UNITED STATES
SECURITIES AND EXCHANGE COMMISSION
Washington, D.C. 20549
FORM 8-K
CURRENT REPORT
Pursuant to Section 13
or 15(d)
of the Securities Exchange Act of 1934
Date of Report (Date of earliest event reported): May 6, 2014
First Keystone Corporation
(Exact name of registrant as specified in its charter)
Pennsylvania | 2-88927 | 23-2249083 | ||
(State or other jurisdiction of incorporation) | (Commission File Number) | (IRS Employer Identification No.) |
111 West Front Street, Berwick, Pennsylvania | 18603 | |
(Address of principal executive offices) | (Zip Code) |
(570) 752-3671
(Registrant’s telephone number, including area code)
Check the appropriate box below if the Form 8-K filing is intended to simultaneously satisfy the filing obligation of the registrant under any of the following provisions (see General Instruction A.2. below):
o | Written communications pursuant to Rule 425 under the Securities Act (17 CFR 230.425) | |
o | Soliciting material pursuant to Rule 14a-12 under the Exchange Act (17 CFR 240.14a-12) | |
o | Pre-commencement communications pursuant to Rule 14d-2(b) under the Exchange Act (17 CFR 240.14d-2(b)) | |
o | Pre-commencement communications pursuant to Rule 13e-4(c) under the Exchange Act (17 CFR 240.13e-4(c)) |
CURRENT REPORT ON FORM 8-K
Item 5.07 | Submission of Matters to a Vote of Security Holders |
On May 6, 2014, the Corporation held its Annual Meeting. A total of 5,521,133 shares of the Corporation’s common stock were entitled to vote as of March 11, 2014, the record date for the Annual Meeting. There were 4,373,989 shares present in person or by proxy at the Annual Meeting, at which the shareholders were asked to vote on three (3) proposals. Set forth below are the matters acted upon by the shareholders at the Annual Meeting, and the final voting results of each such proposal.

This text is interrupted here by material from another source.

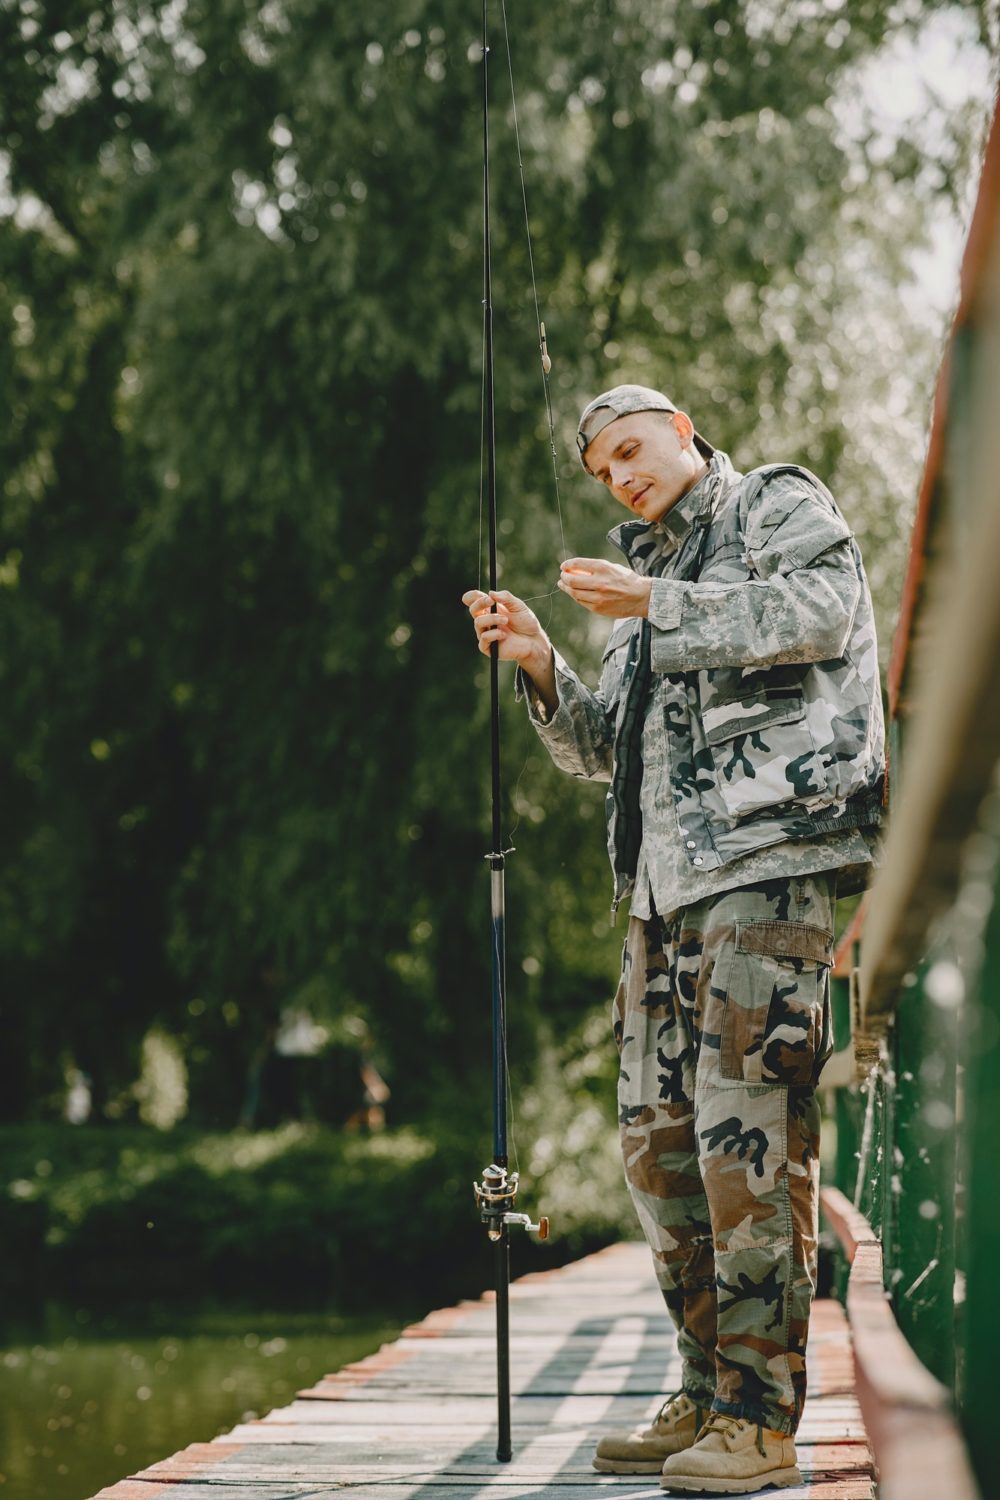 Man fishing and holds the angling rod

Proposal No. 1 – Election of Class C Directors
The shareholders voted to elect three (3) Class C Directors to serve for a term of three (3) years and until their successor is elected and qualified. The results of the vote were as follows:
Name | For | Withheld | Broker Non-Votes |
Don E. Bower | 3,376,294 | 63,735 | 933,960 |
Robert A. Bull | 3,302,943 | 137,086 | 933,960 |
Matthew P. Prosseda | 3,351,381 | 88,648 | 933,960 |
Proposal No. 2 – Ratification of the Selection of Independent Registered Public Accounting Firm for Fiscal Year 2014
The shareholders voted to ratify the selection of BDO USA, LLP as the Corporation’s independent registered public accounting firm for the fiscal year 2014. The results of the vote were as follows:
For | Against | Abstaining | Broker Non-Votes |
4,314,166 | 40,153 | 19,670 | 0 |
Proposal No. 3 – Advisory Vote on Executive Compensation
The shareholders voted, on an advisory basis, to approve the compensation of the Company’s named executive officers as disclosed in the Company’s proxy statement. The results of the vote were as follows:
For | Against | Abstain | Broker Non-Votes |
3,290,156 | 95,341 | 54,532 | 933,960 |
Item 7.01 | Regulation FD Disclosure |
On May 6, 2014 members of management gave presentations at the Annual Meeting. A copy of these slides and related material is included in this report as Exhibit 99.1 and is furnished herewith.
Item 9.01 | Financial Statements and Exhibits |
(d) Exhibits.
Exhibit Number | Description |
99.1 | Annual Meeting Presentation Slides. |
SIGNATURES
Pursuant to the requirements of the Securities Exchange Act of 1934, the Registrant has duly caused this Current Report on Form 8-K to be signed on its behalf by the undersigned, thereunto duly authorized.
FIRST KEYSTONE CORPORATION | ||
(Registrant) | ||
Dated: May 7, 2014 | /s/ Matthew P. Prosseda | |
Matthew
P. Prosseda President & Chief Executive Officer |
EXHIBIT INDEX
EXHIBIT NO.
99.1 Annual Meeting Presentation Slides.